The default LLM provider is OpenRouter. If you switch providers, also update base_url and model to match. For the included example documents, start_loc defaults to ./dataset, so you can run the pipeline without changing anything else.

Step 3: Save and start processing

After updating the configuration, you can close the editor (changes are saved automatically) and start indexing. If you are using the example dataset, keep ./dataset as-is; otherwise, point start_loc at the folder (or site) you want to ingest. When you click “Start Indexing”, NyRAG reads your input, chunks it into 1024-character segments, generates embeddings, feeds everything to Vespa Cloud, and shows progress in the terminal panel so you can see exactly what is happening.

Description: Shows documents being processed with terminal logs displaying progress

Chat with Your Data

You can now start asking questions in the chat UI.

When you submit a query, NyRAG expands it into focused retrieval queries and sends them to Vespa. Vespa runs hybrid retrieval, combining BM25 keyword matching with vector similarity, and returns the most relevant chunks. Those chunks are packed into a compact context window and sent to the LLM, which generates an answer grounded entirely in your data.

A good way to sanity-check the setup is to start with a broad question like “What are the main topics in these documents?” and then follow up with something more specific to confirm the retrieved context makes sense.

At this point, you have a fully functional RAG application running on Vespa Cloud.

Improving Search Quality with Query Profiles

Want better search results? You can fine-tune how Vespa retrieves and ranks your documents using the Settings modal (⚙️ icon in the top right).

Change query profiles: Open the ⚙️ Settings panel, choose a Query Profile from the dropdown, and click “Save”. The very next query you run will use the new profile.

Description: Settings modal showing query profile selection dropdown with 4 available options

What each profile does:

hybrid: Fast hybrid search (BM25 + vector) with linear ranking
hybrid-with-gbdt: Same retrieval + advanced GBDT ranking (slower but best quality)
deepresearch: Exhaustive search with 10,000 retrieval targets (maximum recall)
deepresearch-with-gbdt: Exhaustive search + GBDT ranking (slowest, most thorough)

Pro tip: The quality difference between hybrid and hybrid-with-gbdt can be dramatic for complex queries.
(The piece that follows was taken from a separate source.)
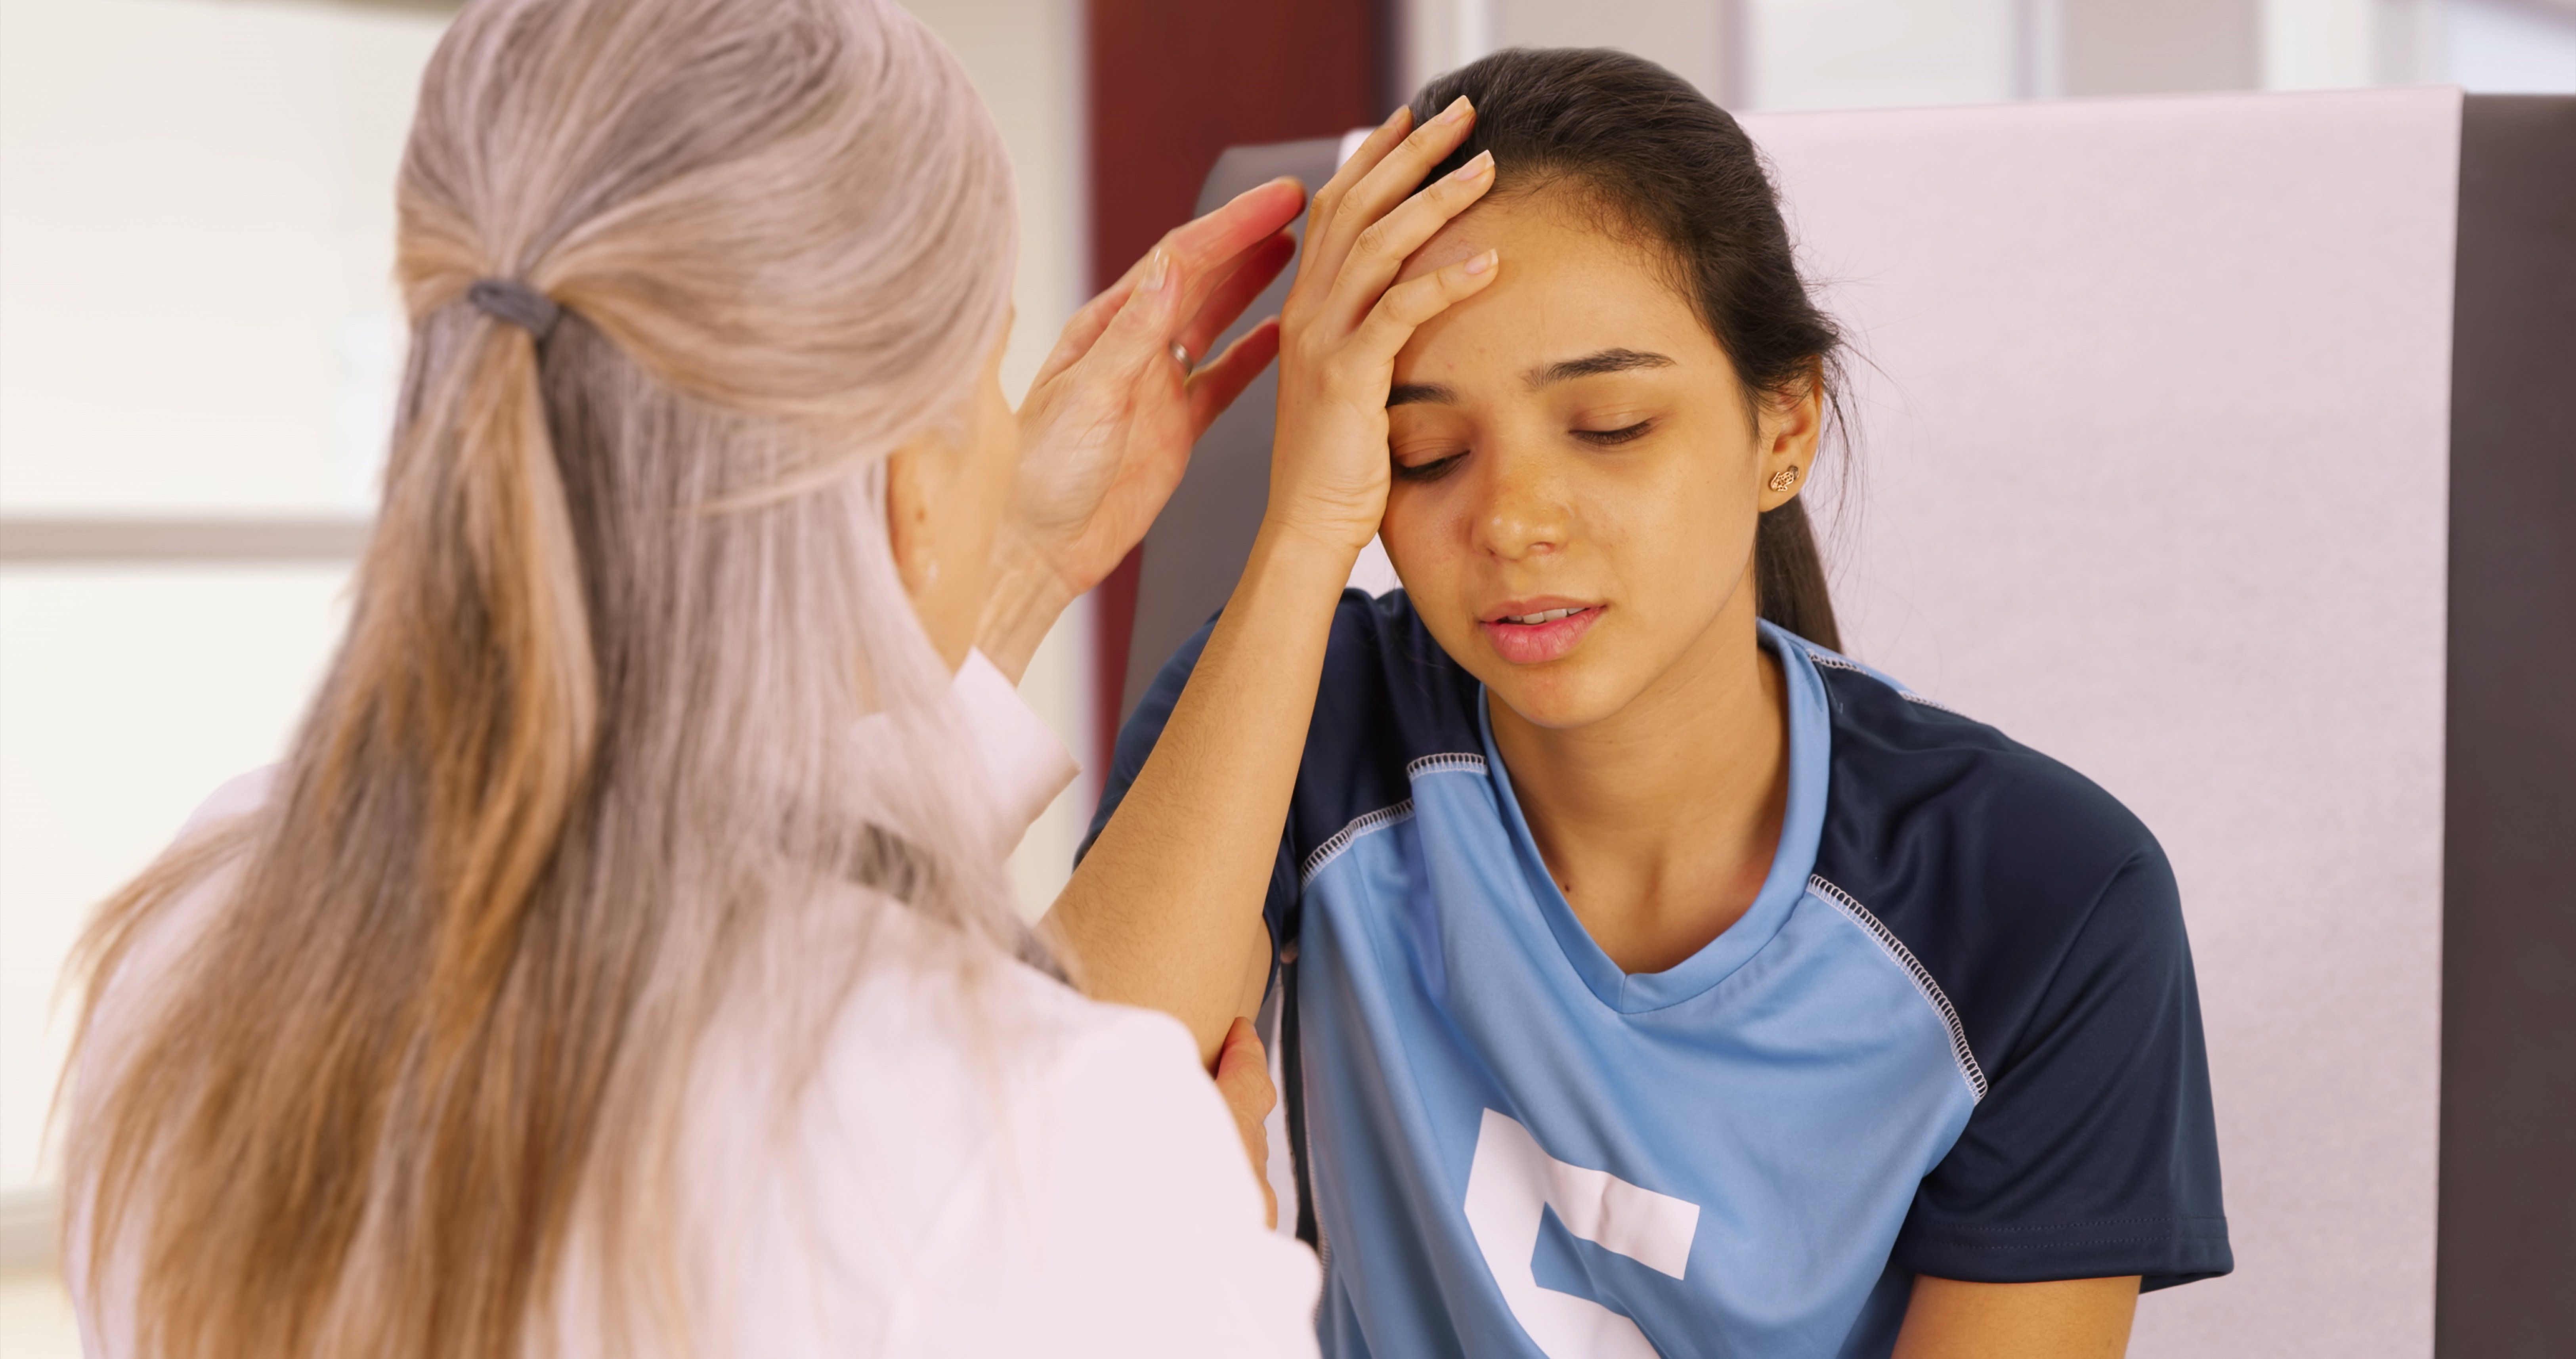 Treatment Options to Recover From Concussion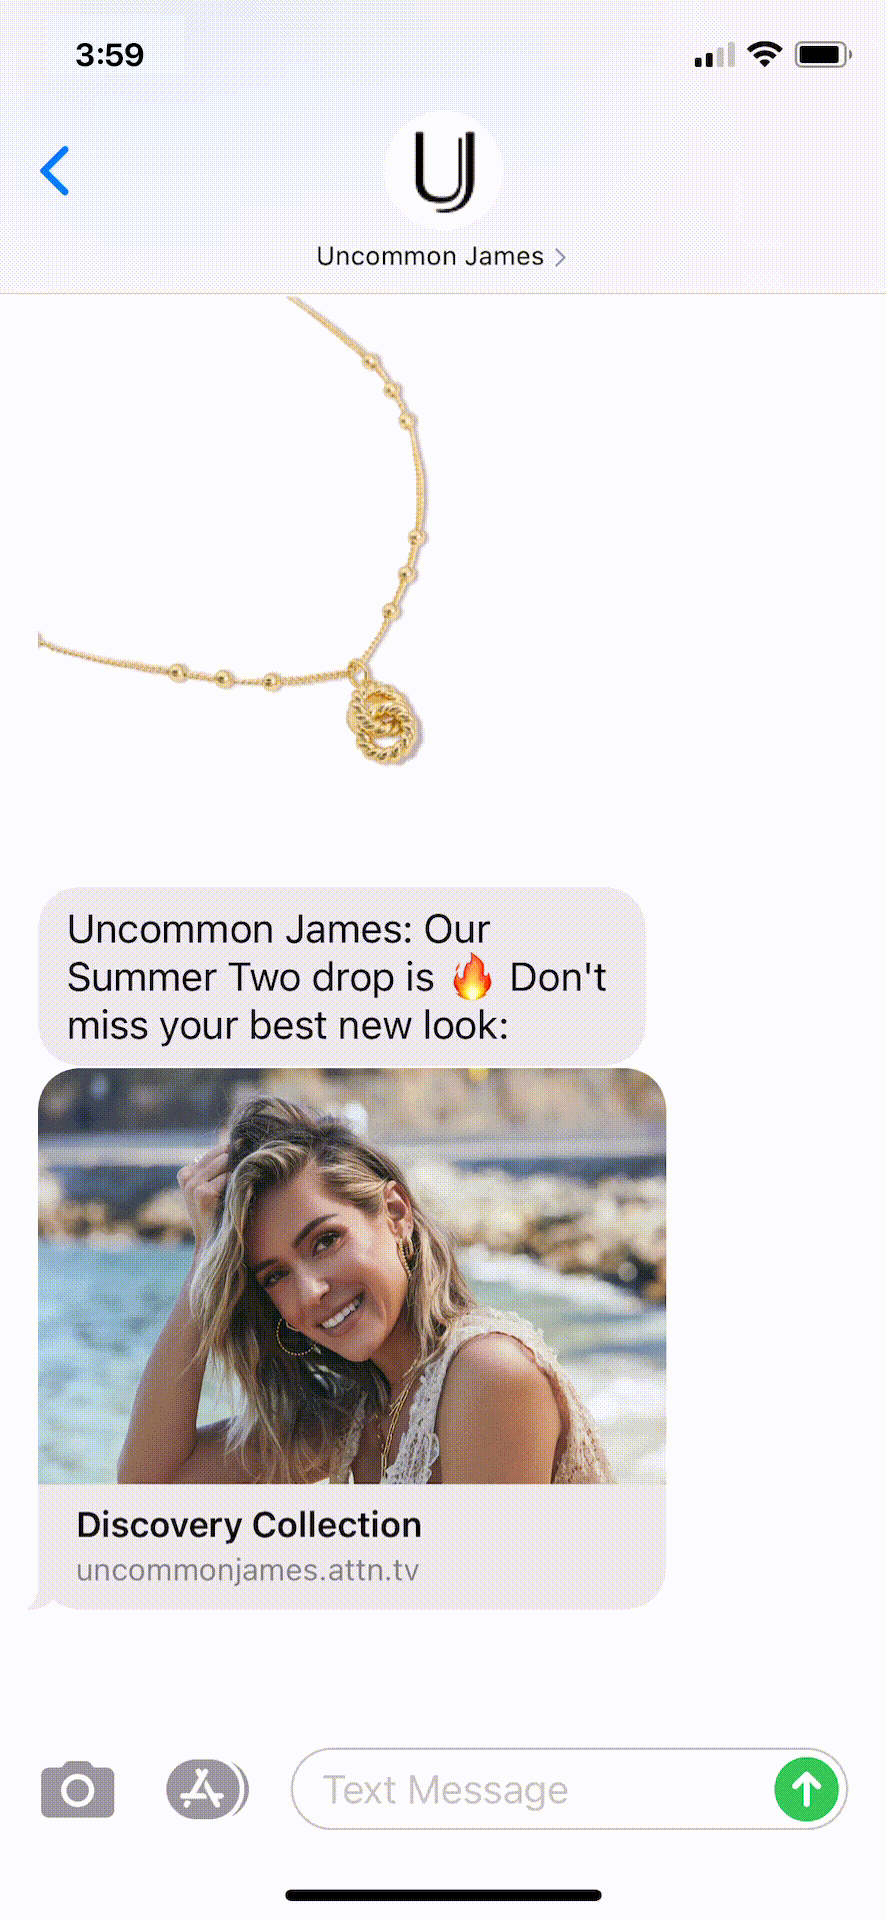 Uncommon-James-Text-Message-Marketing-Example-05.30.2021

The GBDT model offers significantly better relevance at the cost of 2-3x higher latency. For research tasks where you need to find everything relevant, try deepresearch variants which cast a much wider net!

Manage Your Data

NyRAG also gives you simple tools for cleanup. Open the advanced menu (three-dot icon ⋮ in the top right) and you will find two cleanup actions. Clear Local Cache removes cached files for all projects on your machine, which is useful when you want to re-process from scratch locally. Clear Vespa Data deletes the indexed documents in Vespa for the project, which is useful when you want a clean index before re-feeding. Both actions ask for confirmation so you do not delete data by accident.

Bonus: Try Web Crawling Mode

In addition to local documents, NyRAG supports web crawling. By switching to the web_example project, you can point NyRAG at a website and have it crawl, extract, and index content automatically.

Switch to web crawling mode: Select web_example (web) from the dropdown at the top and open the configuration editor. If you are currently on the chat screen, open the three-dot menu (⋮) and choose “Edit Config” to bring the editor back. From there, update the same credential fields as you did for doc_example, then click “Start Indexing” to crawl and feed the site.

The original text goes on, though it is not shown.